How can I get memory coalescing in a branch write?

I have a kernal code where in the majority of the thread blocks each thread executes the branch. However the thread blocks that border the right and bottom will have threads that do not execute this branch, because of that I cannot use __syncthreads.

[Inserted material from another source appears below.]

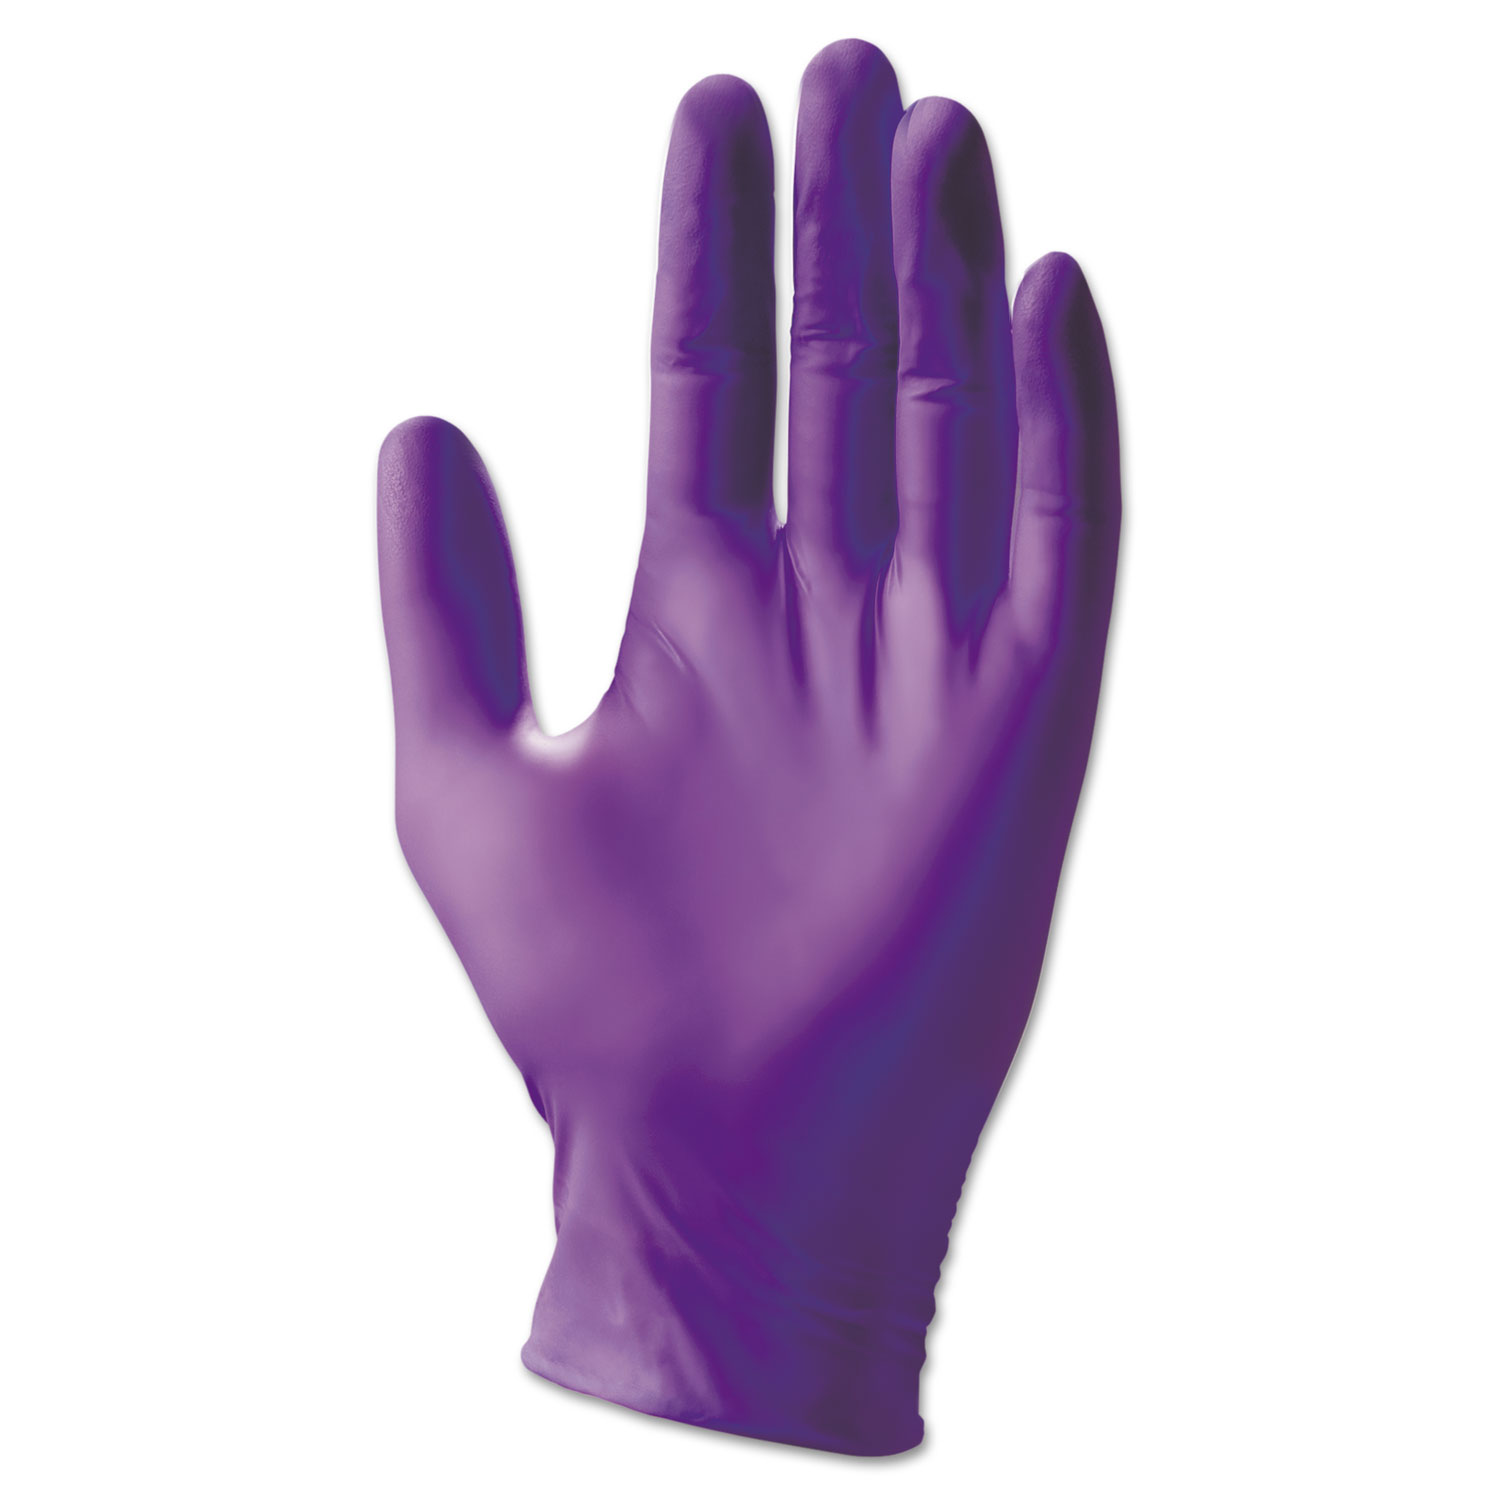  Kimberly-Clark Professional* KCC 55093 PURPLE NITRILE Sterile Exam Gloves, Powder-Free, 252 mm Length, Large, 50 Pair/Box (KCC55093) 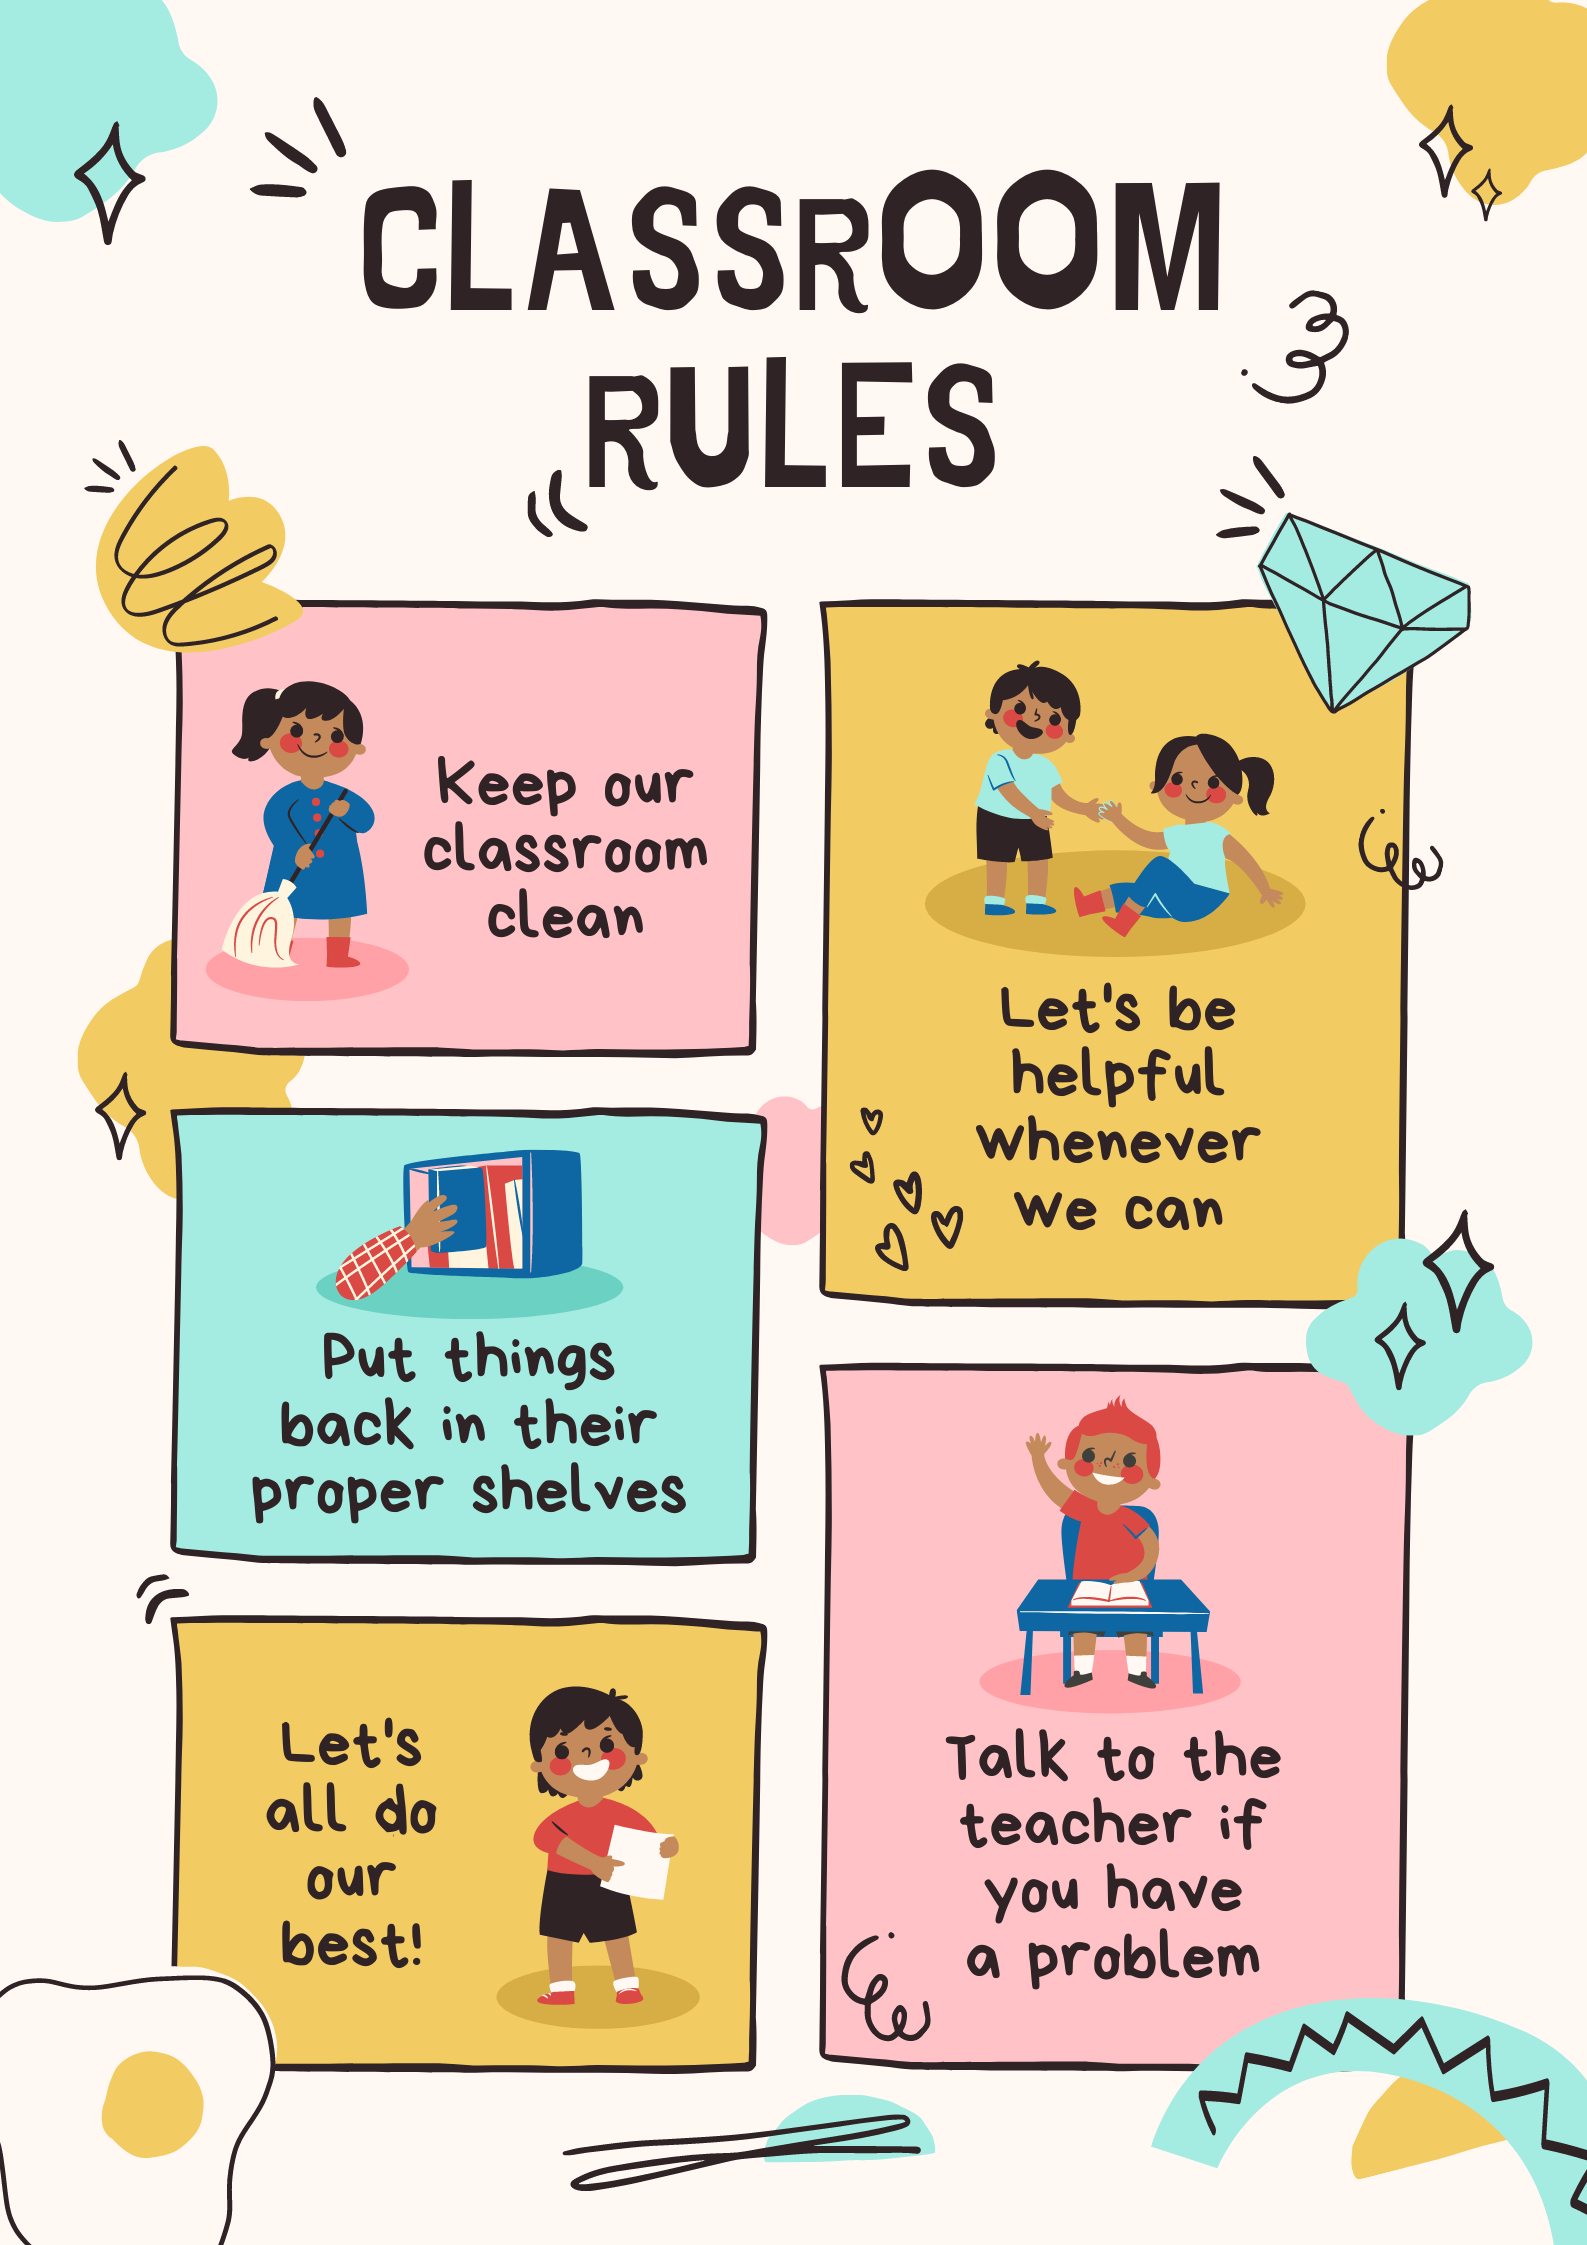 chalkboard-classroom-rules-poster-jack-potato

Since the tex2D latency is non-determinstic I figure the threads in a block could get unaligned with clock cycles, will the hardware just block that thread block where the tex2D values are used until every thread in that block has the data it needs? In otherwords, the hardware will in affect align each thread in that thread block so a coalesce global memory write will occur.

...

if (idx < width && idy < height) {

   float val1 = tex2D(texVal1,idx,idy);

   float val2 = tex2D(texVal2,idx,idy);

  ... // independent arthimetic instructions

  int offset = (yy * cols) + xx;

   float pixval = (w1 * val1);

   pixval += (w2 * val2);

  

   // cannot use __syncthreads due to branch

   output[offset] = pixval; 

}

Thanks,

Aaron

Coalescing only happens at the warp level. And the threads in a warp always execute together even without __syncthreads();

what is written above is correct, further more you can use sync threads in following manner:

..

if (idx < width && idy < height) {

  float val1 = tex2D(texVal1,idx,idy);

  float val2 = tex2D(texVal2,idx,idy);

 ... // independent arthimetic instructions

 int offset = (yy * cols) + xx;

  float pixval = (w1 * val1);

  pixval += (w2 * val2);

}

__syncthreads();

if (idx < width && idy < height) { 

  // cannot use __syncthreads due to branch

  output[offset] = pixval;

}

but again this isn’t needed for Coalescing, so if there is no other reason don’t use it

:)